Advocates argue that some Republicans are pressuring the program with the hope that they can effectively reinstate the Mexico City Policy — a rule that bars foreign organizations that receive U.S. funding from supporting abortion access. Asia Russell, executive director of nonprofit Health GAP, said that Smith’s proposal for a one-year authorization with caveats, rather than a five-year reauthorization, showed that this was about politics.
“Everyone can agree it has nothing to do with the HIV response. It is holding out for a Republican president,” she said. “It’s not a compromise. It’s a ploy.”
Those who work with PEPFAR funds in recipient countries agree that a one-year reauthorization would create huge uncertainty in long-term planning. Some community organizations receive almost all of their funding from PEPFAR, according to Robin Gorna, executive director of Frontline AIDS.
“It will be a real disaster” for Ukraine if PEPFAR is not reauthorized, said Andriy Klepikov, executive director of Kyiv-based Alliance for Public Health, adding that the program’s swift response to the disruption caused by Russia’s invasion had saved “thousands, tens of thousands” of lives.
Peter Njane, a director of Ishtar MSM, said that his organization, which provides services to men who have sex with men in Nairobi, would cease to exist if PEPFAR folded. “Being an openly gay man in Kenya, I can’t be employed anywhere else,” he said.

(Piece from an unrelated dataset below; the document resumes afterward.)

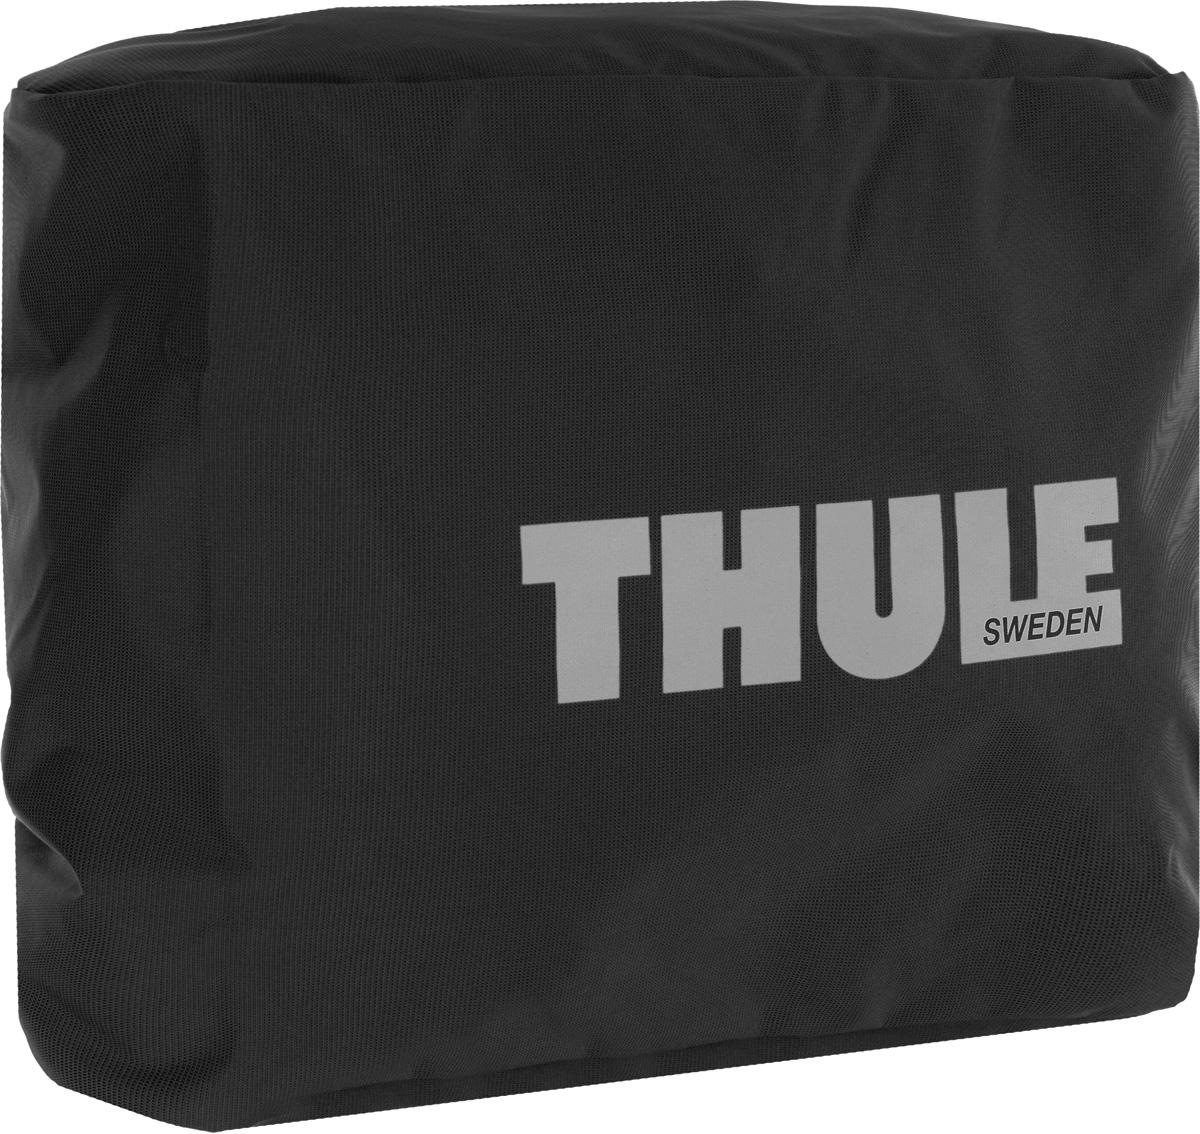 Чехол-дождевик для сумки Thule Pannier, цвет: черныйZ90 blackЧехол-дождевик для сумки Thule Pannier предназначен для использования с велосипедными сумками Thule Packn Pedal Large Pannier. Чехол выполнен из прочного водонепроницаемого материала. Благодаря эластичной резинке легко и просто одевается на сумку. С таким чехлом ваша велосипедная сумка не промокнет, и все содержимое останется сухим.

In New York, global health leaders have called on Congress to reauthorize the program. “The world needs PEPFAR to be reauthorized to finish the job of ending AIDS,” Winnie Byanyima, the Ugandan leader of UNAIDS, said at one event.
However, with so many ongoing global crises, world leaders have been quieter. Even advocates said they understood why governments may be worried about wading into America’s domestic debates. “Would you want to take on the Americans?” Gorna said.
Peter Pham, a distinguished fellow with the Atlantic Council who served as an envoy to East Africa, said he had moral qualms about not reauthorizing a program that had saved so many lives. But he also noted that many African nations supported by PEPFAR had failed to take their own commitment to public health seriously, relying on the U.S. program instead.
“I don’t buy the argument that doing so might hurt America’s influence insofar as the empirical evidence from two decades of paying for the program does not show much appreciation on the part of those who govern many African countries,” Pham wrote in an email, pointing to South Africa as a country that “rarely misses an opportunity to oppose U.S. foreign policy objectives and align with America’s foes” despite its gains from PEPFAR.
It is not clear if any other nation could take America’s place in the global fight against AIDS. “Beijing might try to pick up the opportunity and fill the void,” Sun said, but “depending on China’s technical capacity on this issue, it may not be able to do so effectively even if it wants to.”
Other multilateral institutions, such as the Global Fund to Fight AIDS, Tuberculosis and Malaria, could pick up some slack. But those who worked with PEPFAR say that even if the funding hole could be filled, the U.S.-led program provides benefits including access to Centers for Disease Control and Prevention experts that could be impossible to replicate.
With U.S. leadership needed in a variety of areas from climate to pandemic preparedness, if PEPFAR is not reauthorized it will send “symbolic shock waves through the system,” said Solange Baptiste, executive director of the South Africa-based International Treatment Preparedness Coalition.